▶ [PROBLEM REQUIREMENTS] All the lines below need to be transcribed exactly. Pictures get left out.

▶ [DATASET EXCERPT]
Segment Open
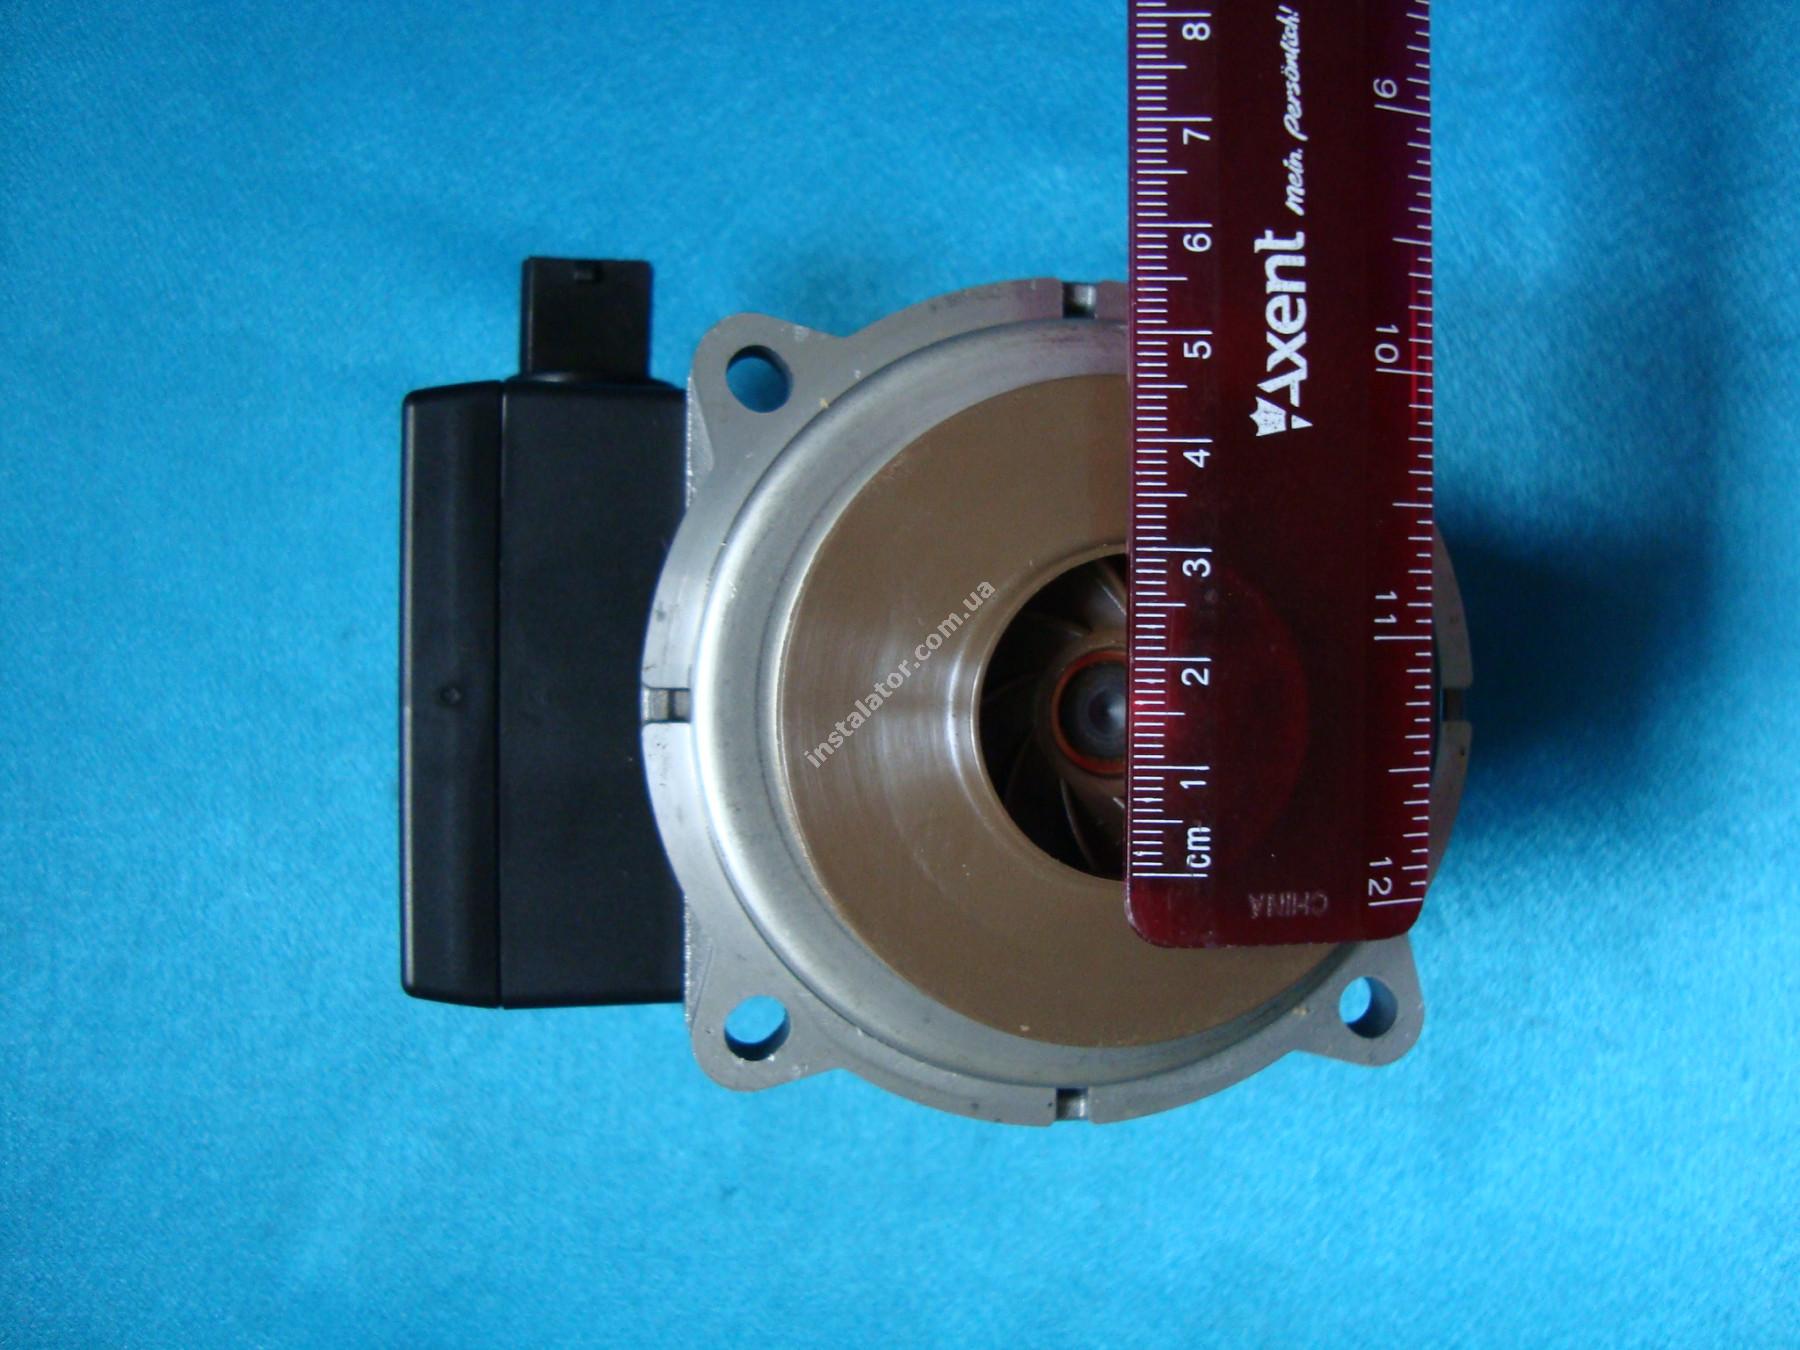 5192600 Циркуляційний насос SIME Dab VA 55 Format.Zip 25 OF - BF/Metropolis full-image-1
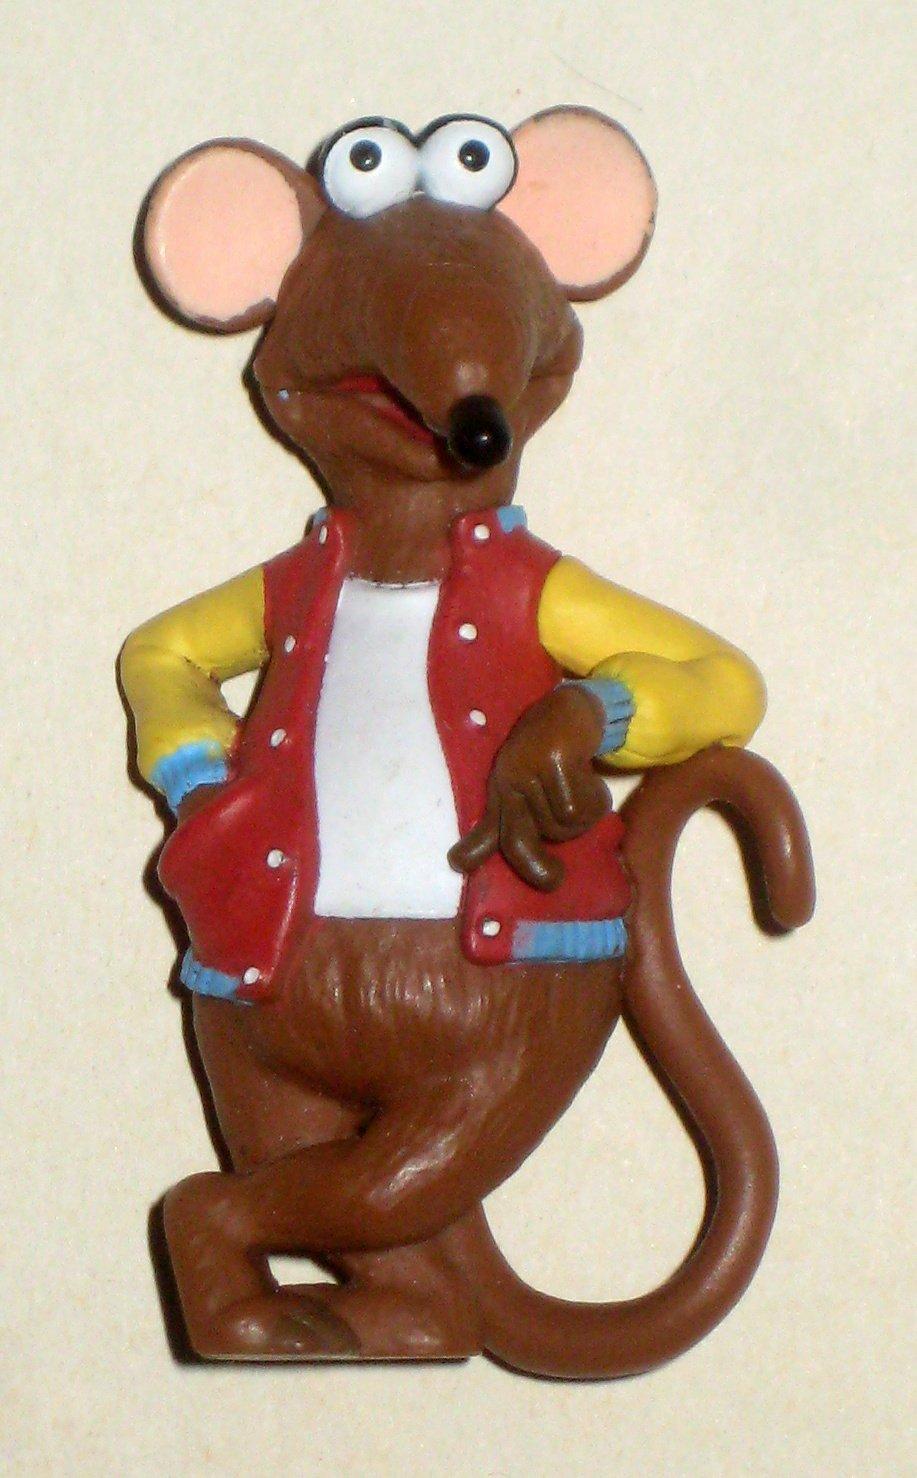 SOLD Rizzo 2 14 Inch PVC Plastic Figure Mouse Rat Muppets Sesame Street Jim Henson
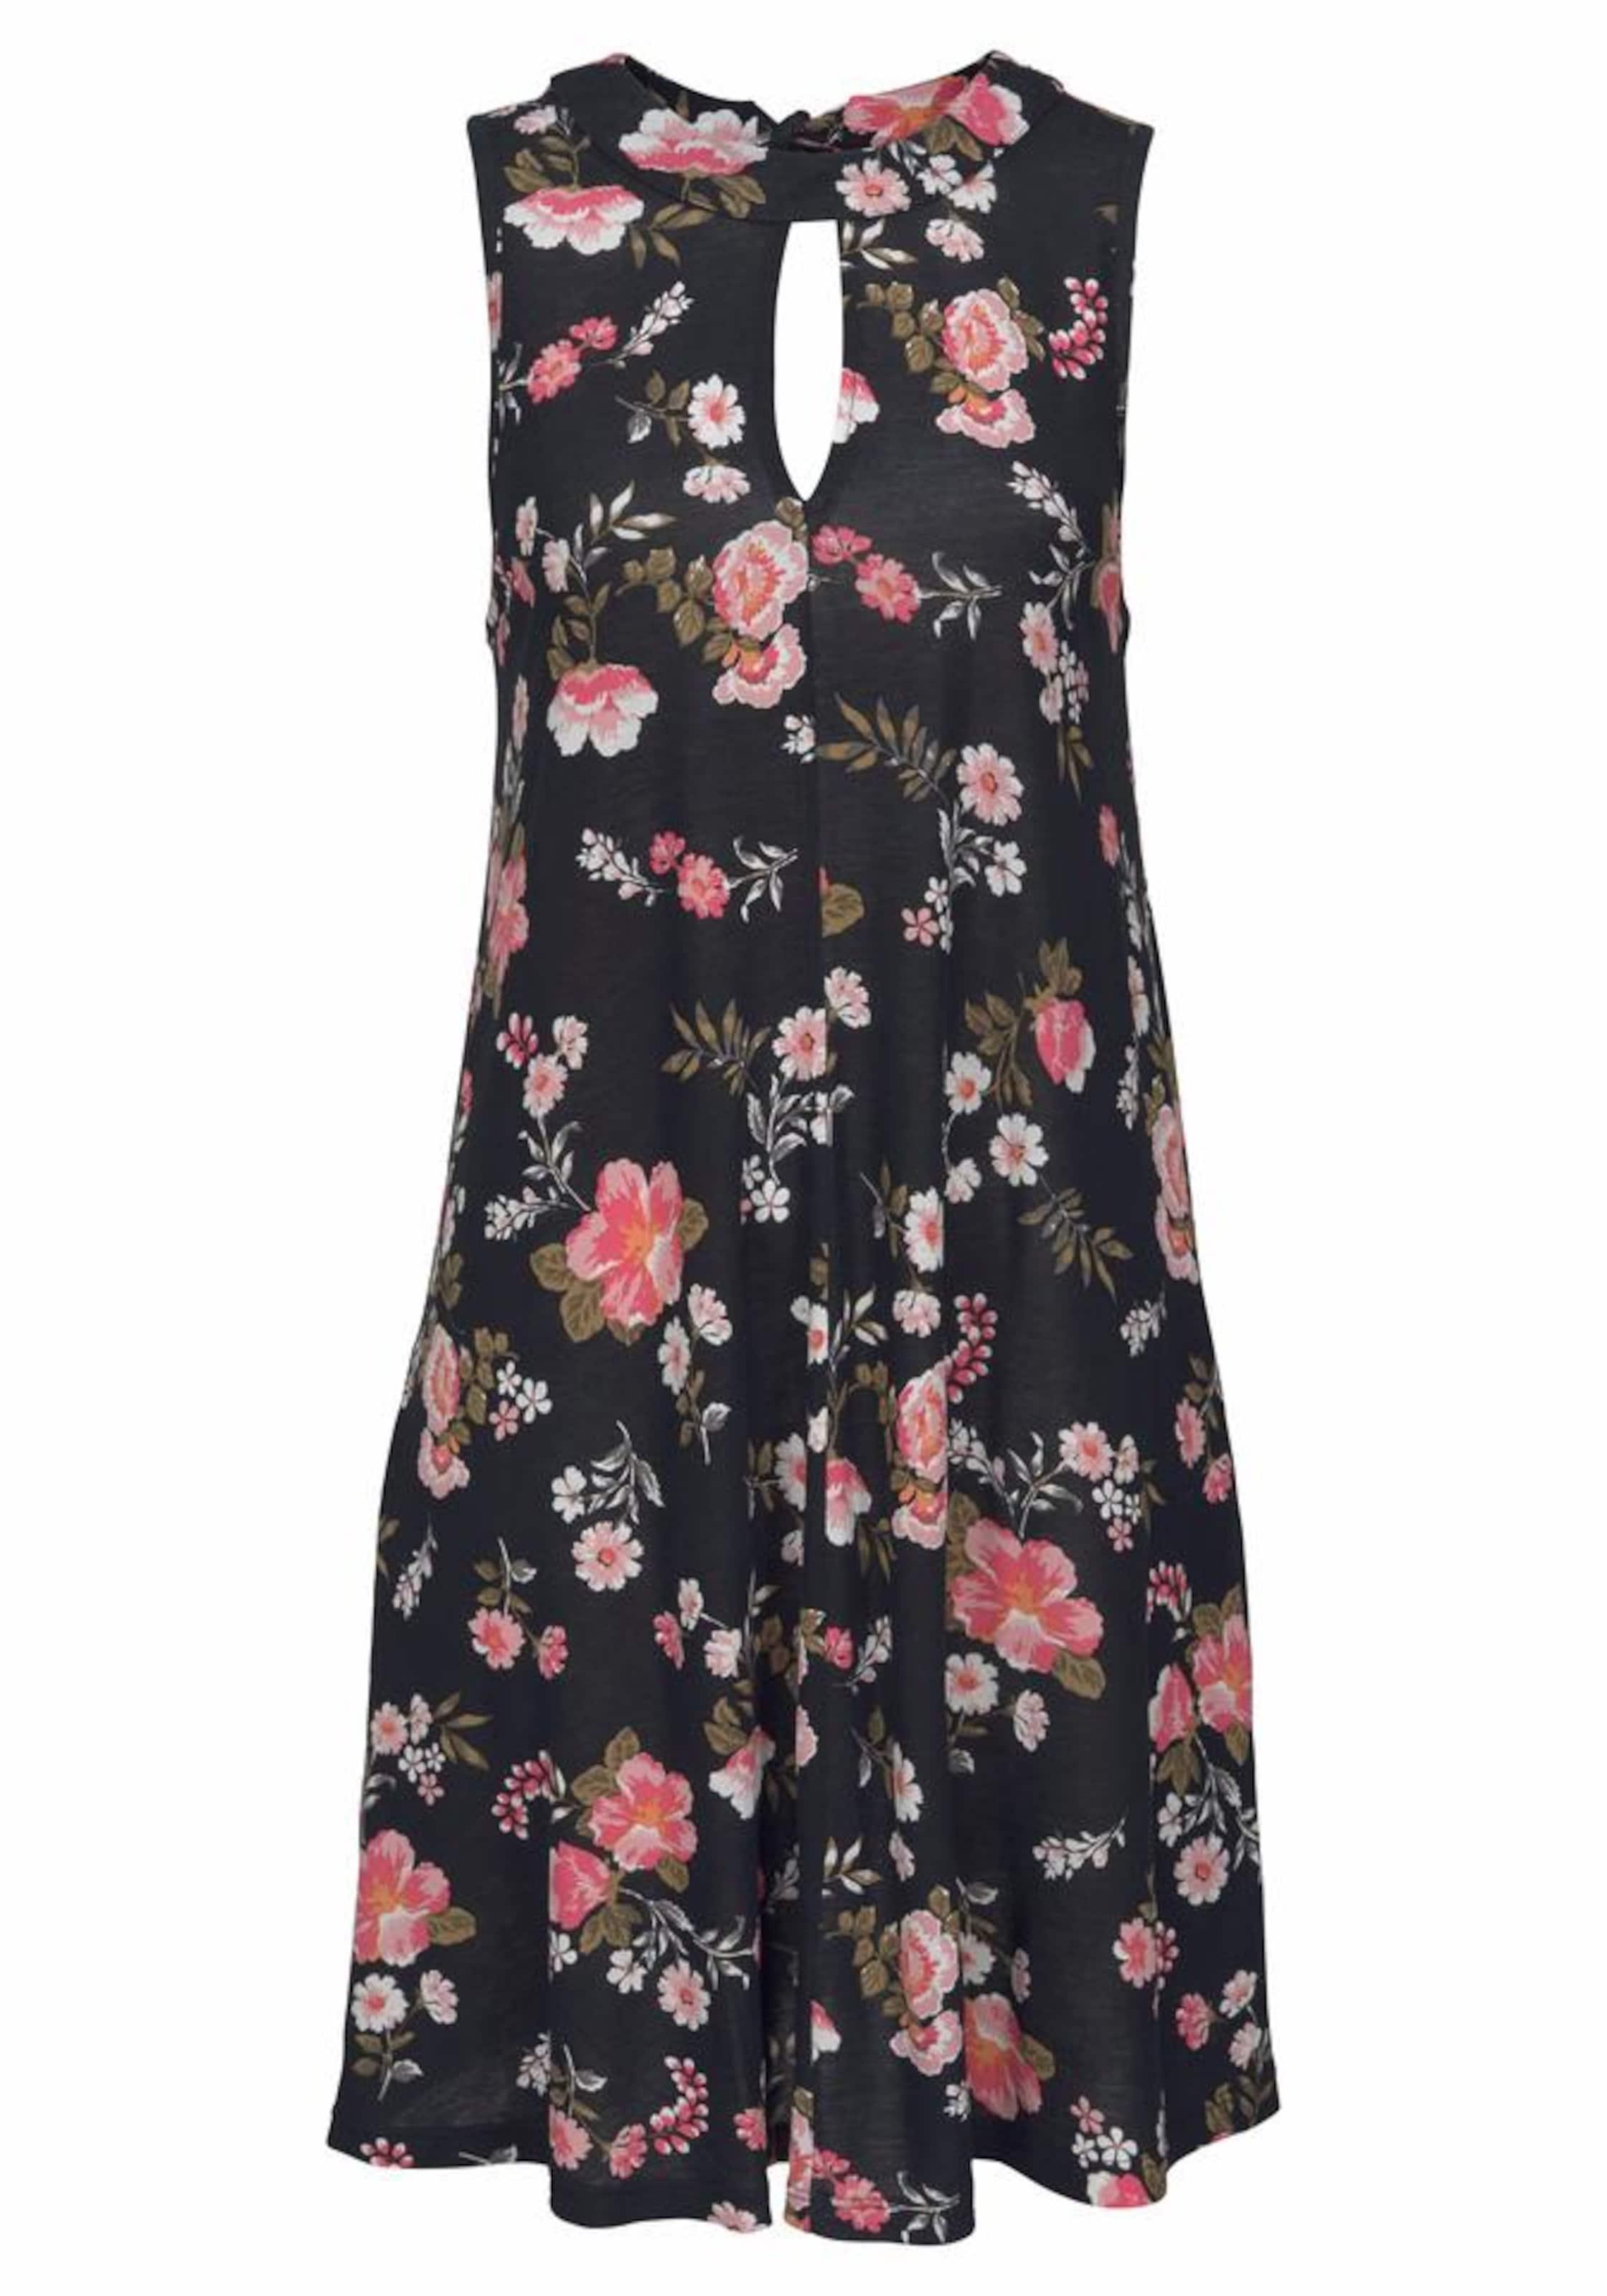 RosaSchwarz In RosaSchwarz Kleid Lascana Lascana Lascana Kleid Kleid In Lascana In In RosaSchwarz Kleid Nnm0wv8
Segment Closed
▶ [SOLUTION TO THIS PROBLEM]
 5192600 Циркуляційний насос SIME Dab VA 55 Format.Zip 25 OF - BF/Metropolis full-image-1
 SOLD Rizzo 2 14 Inch PVC Plastic Figure Mouse Rat Muppets Sesame Street Jim Henson
 RosaSchwarz In RosaSchwarz Kleid Lascana Lascana Lascana Kleid Kleid In Lascana In In RosaSchwarz Kleid Nnm0wv8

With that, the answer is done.